Information supplied
==============================

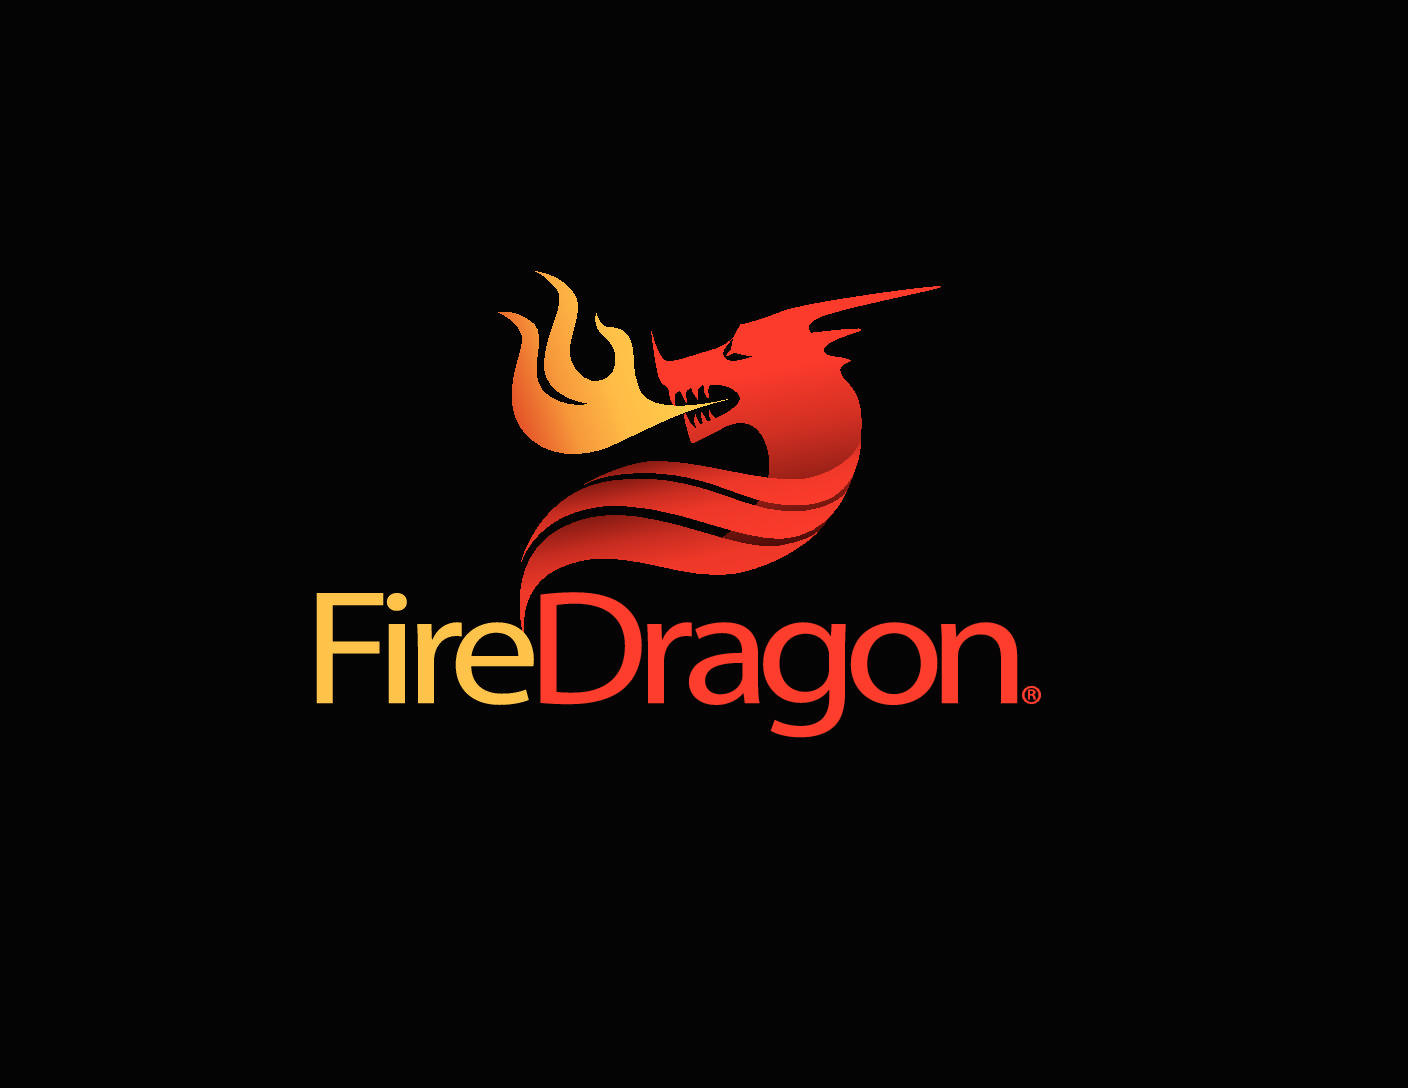 (Sponsored) Firewalls, Security, And FireDragonSecurity
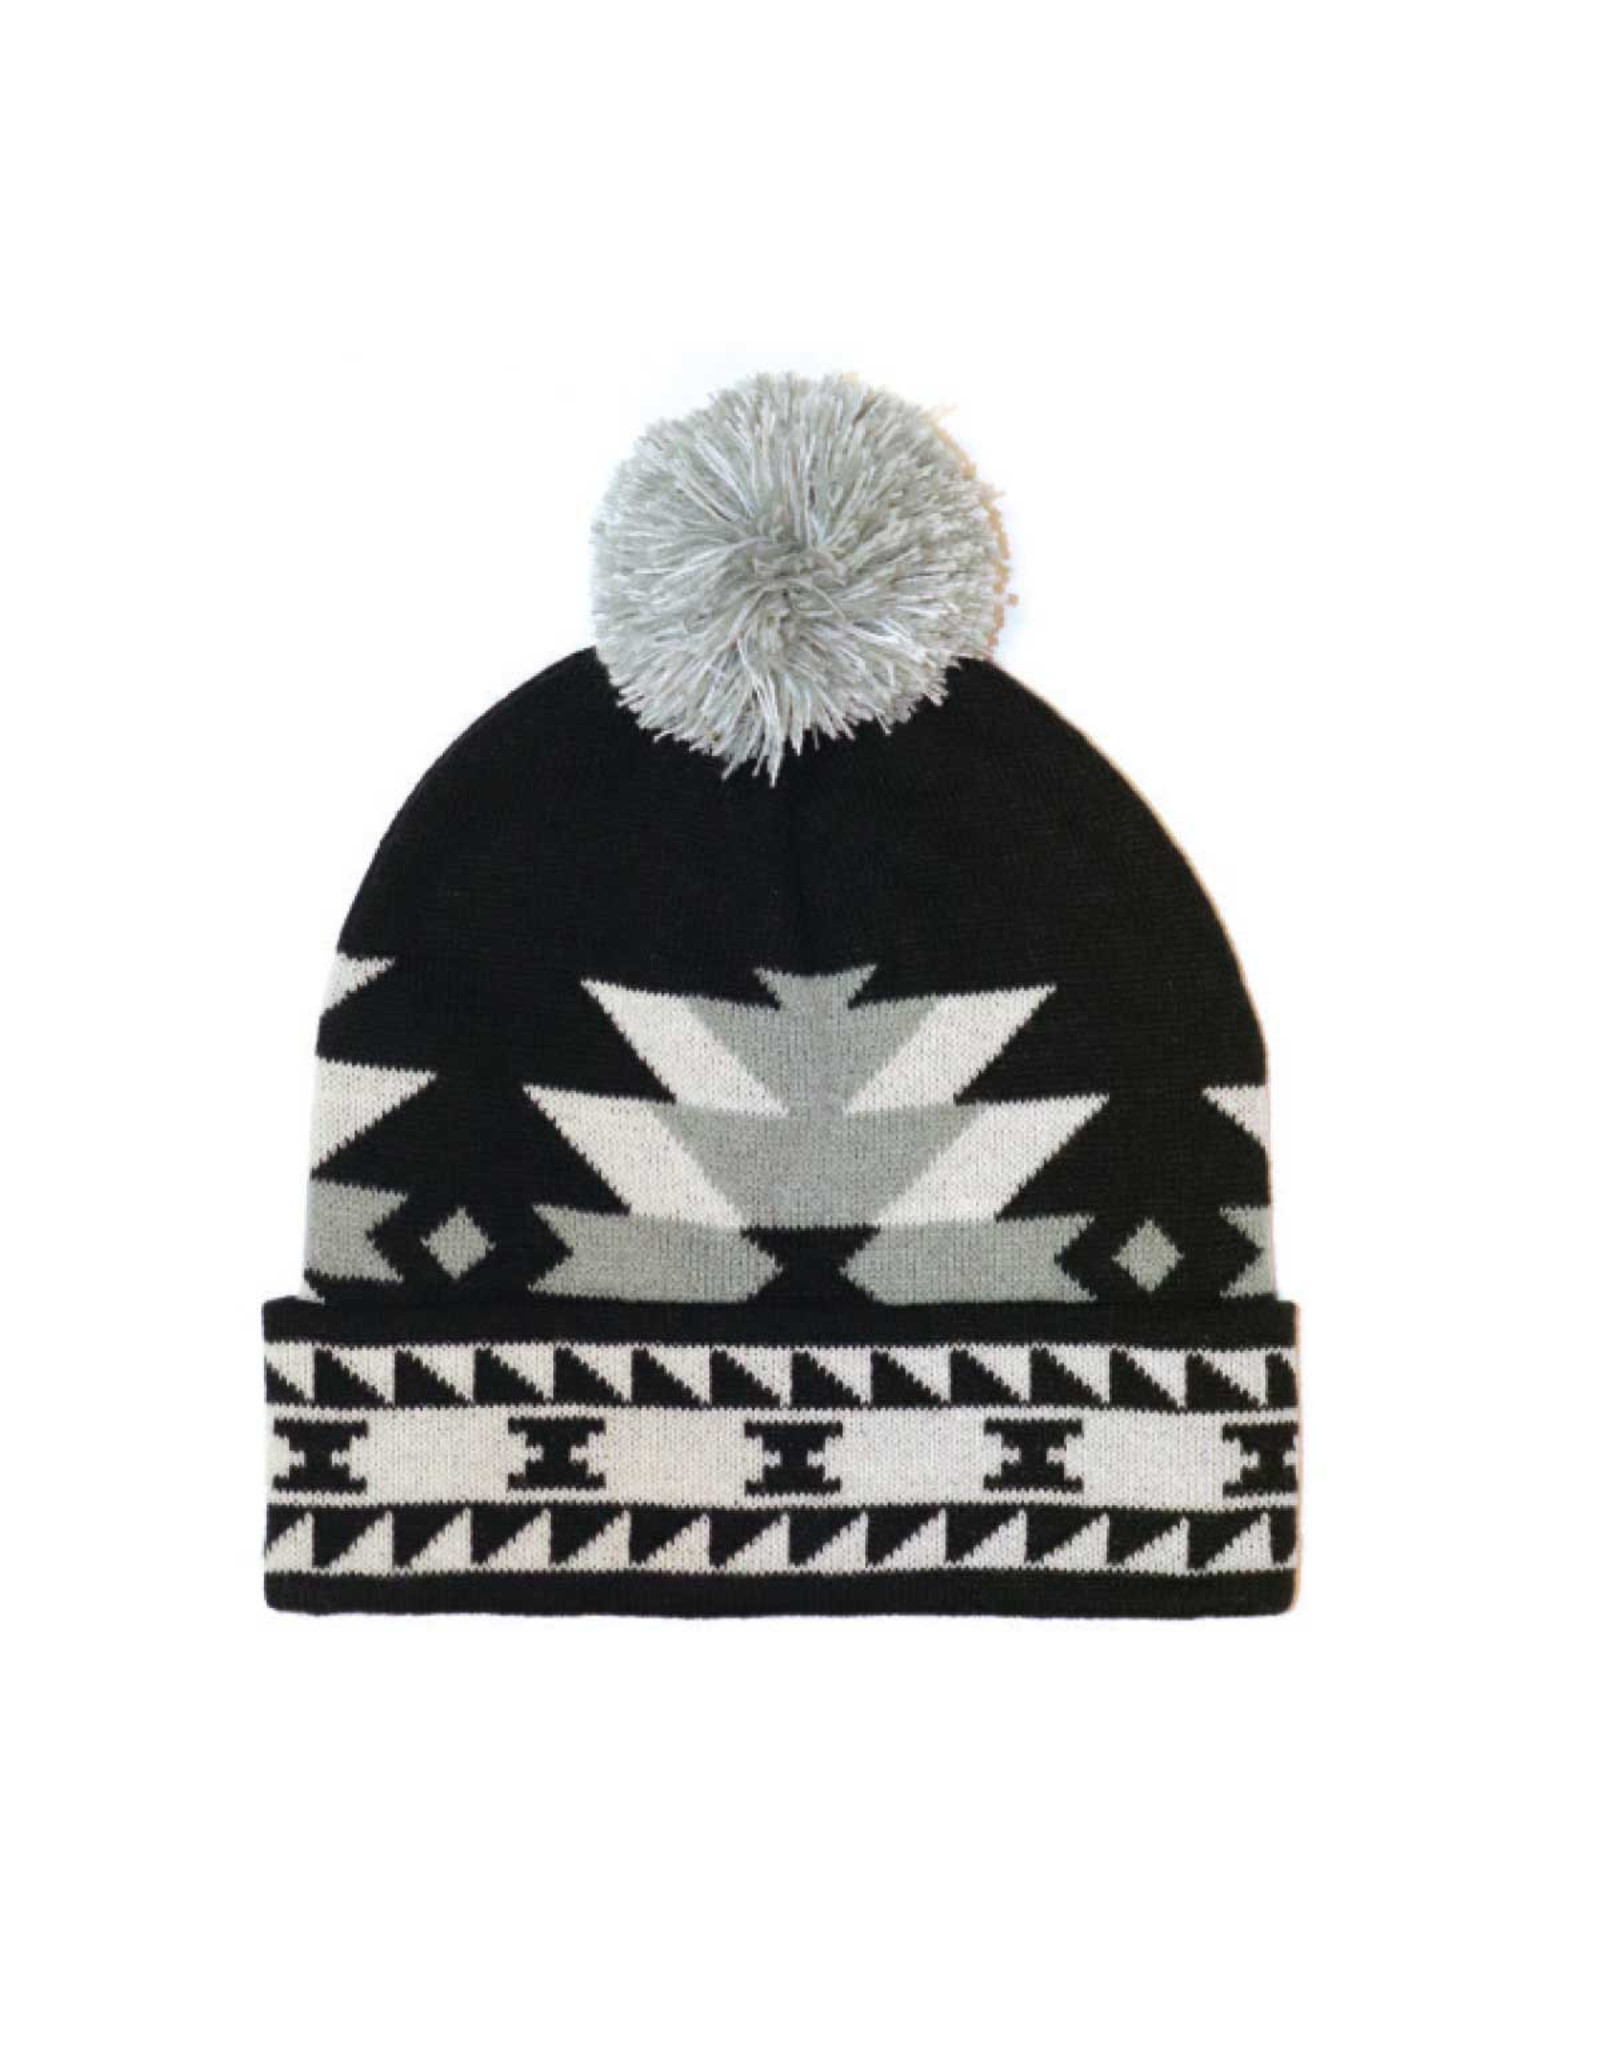 Knitted Tuque with Pom Pom - Salish Weaving Collection - Visions of Our Ancestors by Leila Stogan (TQSSV)
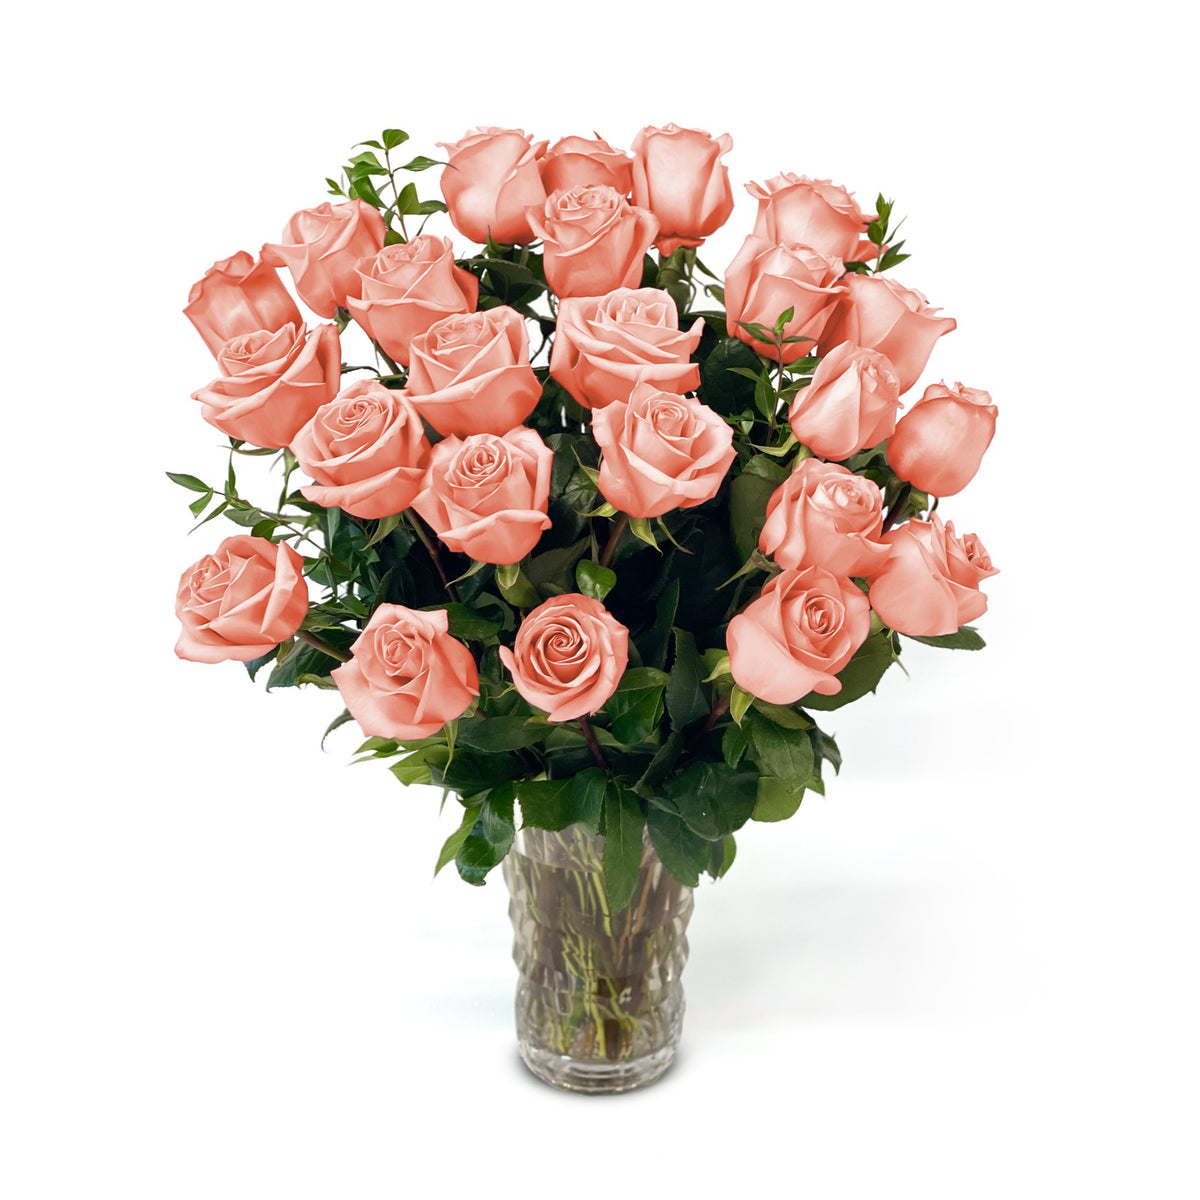 NYC Flower Delivery - Fresh Roses in a Crystal Vase | Peach - 2 Dozen - Roses

==============================

Work required
Quote the data above in full, leaving out the pictures it holds.

Response
 (Sponsored) Firewalls, Security, And FireDragonSecurity
 Knitted Tuque with Pom Pom - Salish Weaving Collection - Visions of Our Ancestors by Leila Stogan (TQSSV)
 NYC Flower Delivery - Fresh Roses in a Crystal Vase | Peach - 2 Dozen - Roses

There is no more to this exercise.